Recall now that we began the discussion of bonding in $N_2$ because of the curious result that the ionization energy of an electron in $F_2$ is less than that of an electron in an F atom. By comparing the molecular orbital energy level diagrams for $N_2$ and $F_2$ we are now prepared to answer this puzzle. There are five p electrons in each fluorine atom. These ten electrons must be distributed over the molecular orbitals whose energies are shown in Fig. 6. (Note that the ordering of the bonding 2p orbitals differ between $N_2$ and $F_2$ .) We place two electrons in the $\sigma$ orbital, four more in the two ${\pi }^{}$ orbitals, and four more in the two ${\pi }^{\mathrm{*}}$ orbitals. Overall, there are six electrons in bonding orbitals and four in anti-bonding orbitals. Since $F_2$ is a stable molecule, we must conclude that the lowering of energy for the electrons in the bonding orbitals is greater than the raising of energy for the electrons in the antibonding orbitals. Overall, this distribution of electrons is, net, equivalent to having two electrons paired in a single bonding orbital.

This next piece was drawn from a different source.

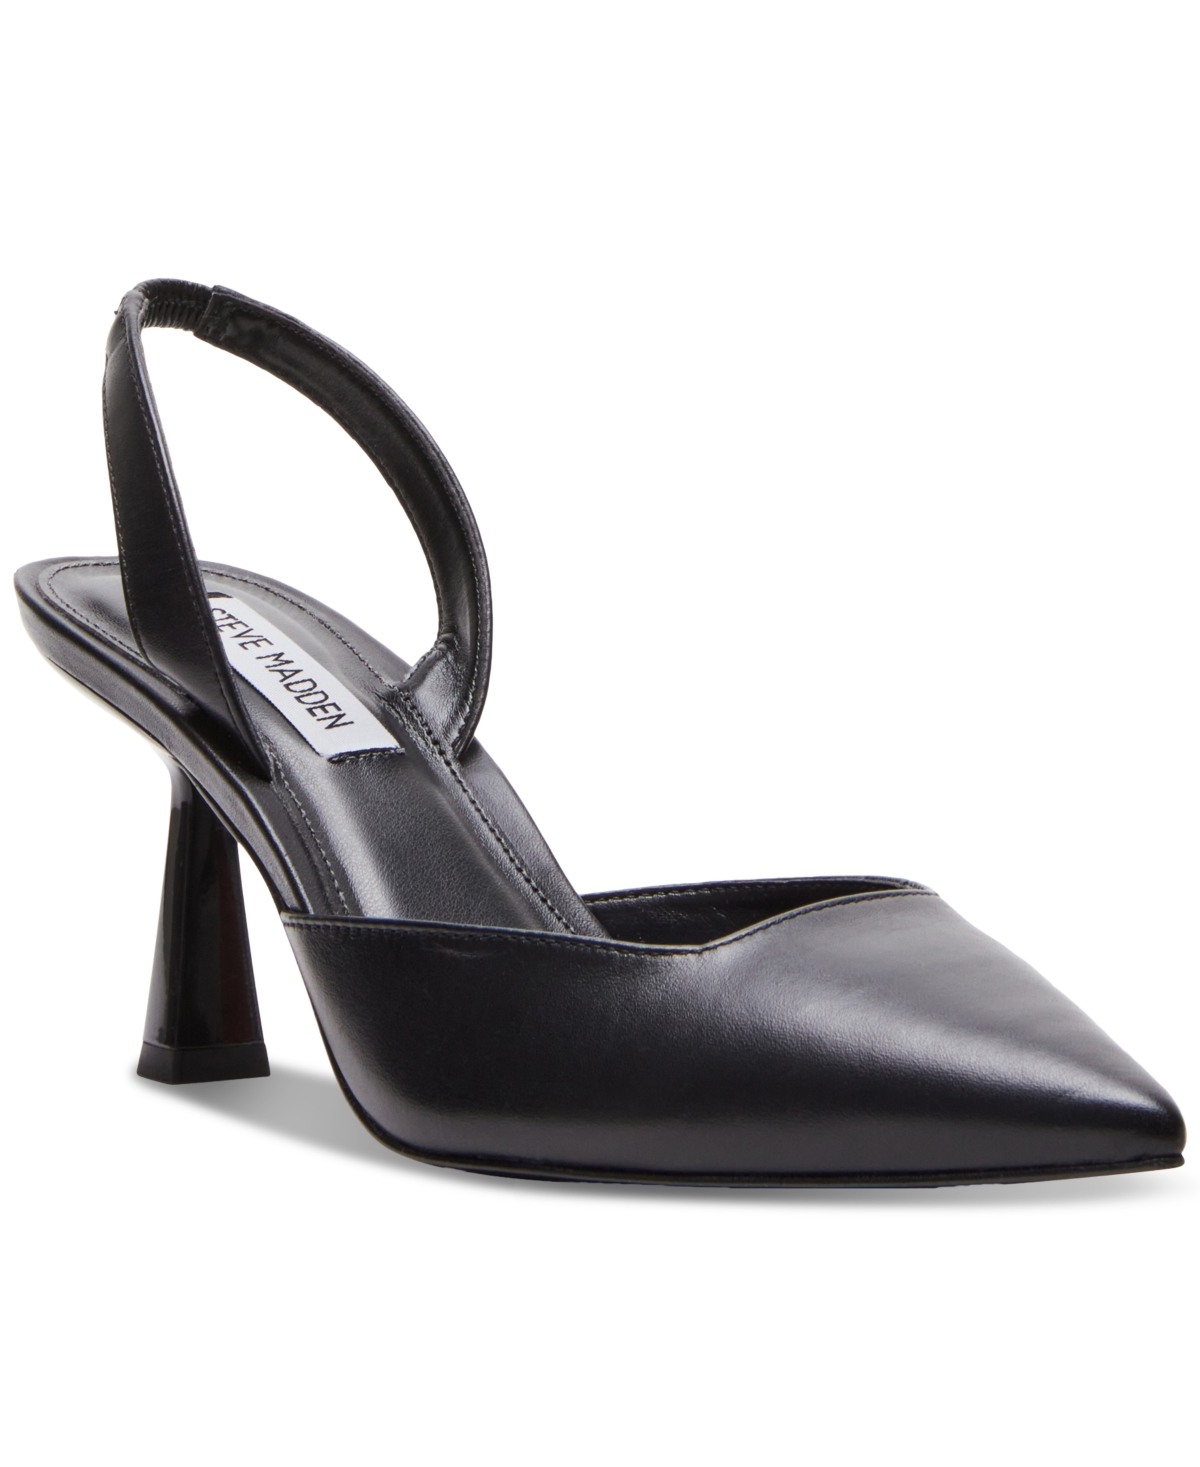 Steve Madden Women's Finlee Pointed-toe Kitten-heel Slingback Pumps In Black Leather

This also explains why the ionization energy of $F_2$ is less than that of an F atom. The electron with the highest energy requires the least energy to remove from the molecule or atom. The molecular orbital energy diagram in Fig. 6 clearly shows that the highest energy electrons in $F_2$ are in anti-bonding orbitals. Therefore, one of these electrons is easier to remove than an electron in an atomic 2p orbital, because the energy of an anti-bonding orbital is higher than that of the atomic orbitals. (Recall that this is why an anti-bonding orbital is, indeed, anti-bonding.) Therefore, the ionization energy of molecular fluorine is less than that of atomic fluorine. This clearly demonstrates the physical reality and importance of the anti-bonding orbitals.

A particularly interesting case is the oxygen molecule, $O_2$ . In completing the molecular orbital energy level diagram for oxygen, we discover that we must decide whether to pair the last two electrons in the same ${\mathrm{2p\pi }}^{\mathrm{*}}$ orbital, or whether they should be separated into different ${\mathrm{2p\pi }}^{\mathrm{*}}$ orbitals. To determine which, we note that oxygen molecules are paramagnetic, meaning that they are strongly attracted to a magnetic field. To account for this paramagnetism, we recall that electron spin is a magnetic property. In most molecules, all electrons are paired, so for each “spin up” electron there is a “spin down” electron and their magnetic fields cancel out. When all electrons are paired, the molecule is diamagnetic meaning that it responds only weakly to a magnetic field.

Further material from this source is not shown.